Some additional types of wills in estate planning
1. Privileged and Unprivileged Wills in estate planning
Under the Indian Succession Act of 1925, a soldier, airman, or mariner at sea participating in an expedition or actively engaged in actual combat will grant certain privileges. These are implemented with a soldier’s challenging situation while serving in mind. Section 662 of the Act makes notice of provisions relating to such requests. Such wills are known as Privileged Wills (Section 65 of the Indian Succession Act, 19254).
Some of the most notable instances of such privileges include clauses that let verbal agreements be made in the presence of witnesses regarded as genuine wills. In addition, provisions permit written instructions to follow as legal wills following the death of a soldier.
2. Contingent/Conditional Wills:
These wills’ execution is subject to the occurrence of a particular event, and only if that event occurs in the future will the will become effective. These wills should be written for a variety of reasons. If the testator wants to secure safe appropriations of his property in the event of his passing while traveling abroad6 or wants to motivate a loved one to do something good, such as “my son will only get my property if he graduates from his law school with a 70% score,” he can make a contingency regarding the same in his will. Any circumstance.
3. Mutual wills
Mutual wills are the kind of wills that create when two parties concur to their terms and circumstances. In these wills, the testator names the other person as their legatee. Married couples typically manage such wills with children from their prior union to protect those kids’ interests.
After the first partner’s death, the remaining partner is still subject to the terms and circumstances of the will. Mutual Will aids in making sure that, if either partner remarries, the property will go to the deceased person’s children and not their new husband.
4. Duplicate Wills
The term “Duplicate Wills” refers to wills with two copies, as the name suggests. However, they will only regard it as one despite having two copies. It is pretty easy to make a copy of the will. According to Section 63 of the Indian Succession Act 1925, the testator must prepare a second copy of the will, sign it, and have it attested the same way as he did for the original.

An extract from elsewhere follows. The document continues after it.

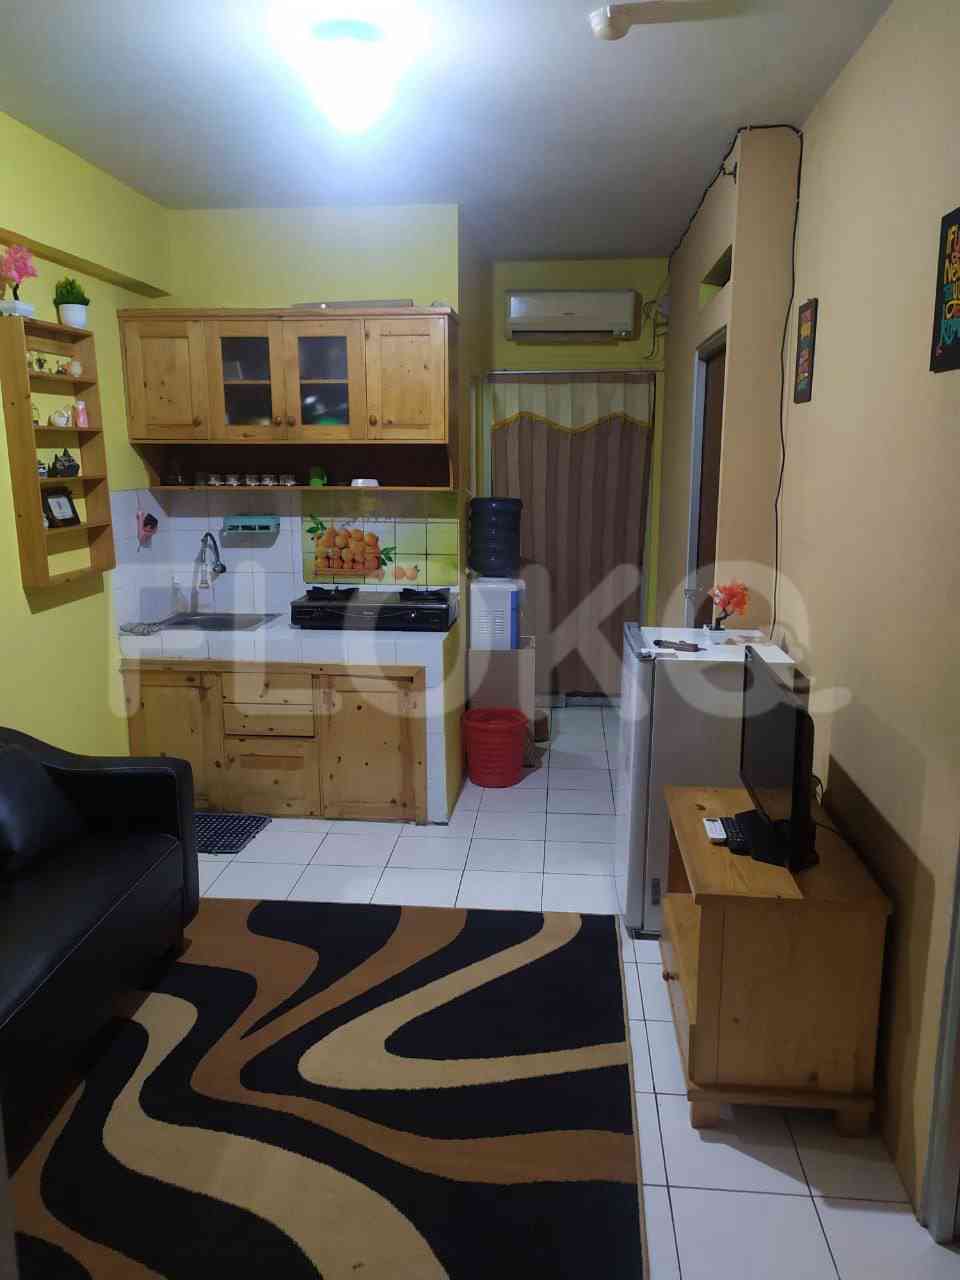 2 Bedroom on 16th Floor for Rent in Cibubur Village Apartment - fci5e0 1

One copy may remain with the testator, while the other may place in a safe place. Such as a bank safe with a trustee, the draughtsman, or the executor. The testator creates a copy of the will to ensure it is carried out after his death. The other will would be automatically revoked if the testator destroyed the composition of choice in his possession.
5. Holograph Wills
Holographic wills are those that the testator personally wrote by hand. These will have advantages, given that they were entirely handwritten by the testator. There is a high degree of confidence in their accuracy and precision. It is argued in numerous legal rulings that “very little” evidence will be needed to demonstrate the proper execution and attestation of such a will if there aren’t many questionable circumstances surrounding it.
6. Concurrent Wills
A testator typically creates one will for all their testamentary declarations. The testator may create various wills for the property located in multiple areas based on his preferences or for convenience.
7. Sham Wills
These wills are written with another purpose unrelated to the testamentary function and execution of choice. Instead, these wills are typically written with unethical intentions in mind. Such as collecting property that does not belong to the claimant, misleading someone, etc. The testator’s purpose is one of the critical components of a valid will. The documents required to execute the collateral purpose properly and not to complete the choice by testamentary operations are added to these wills.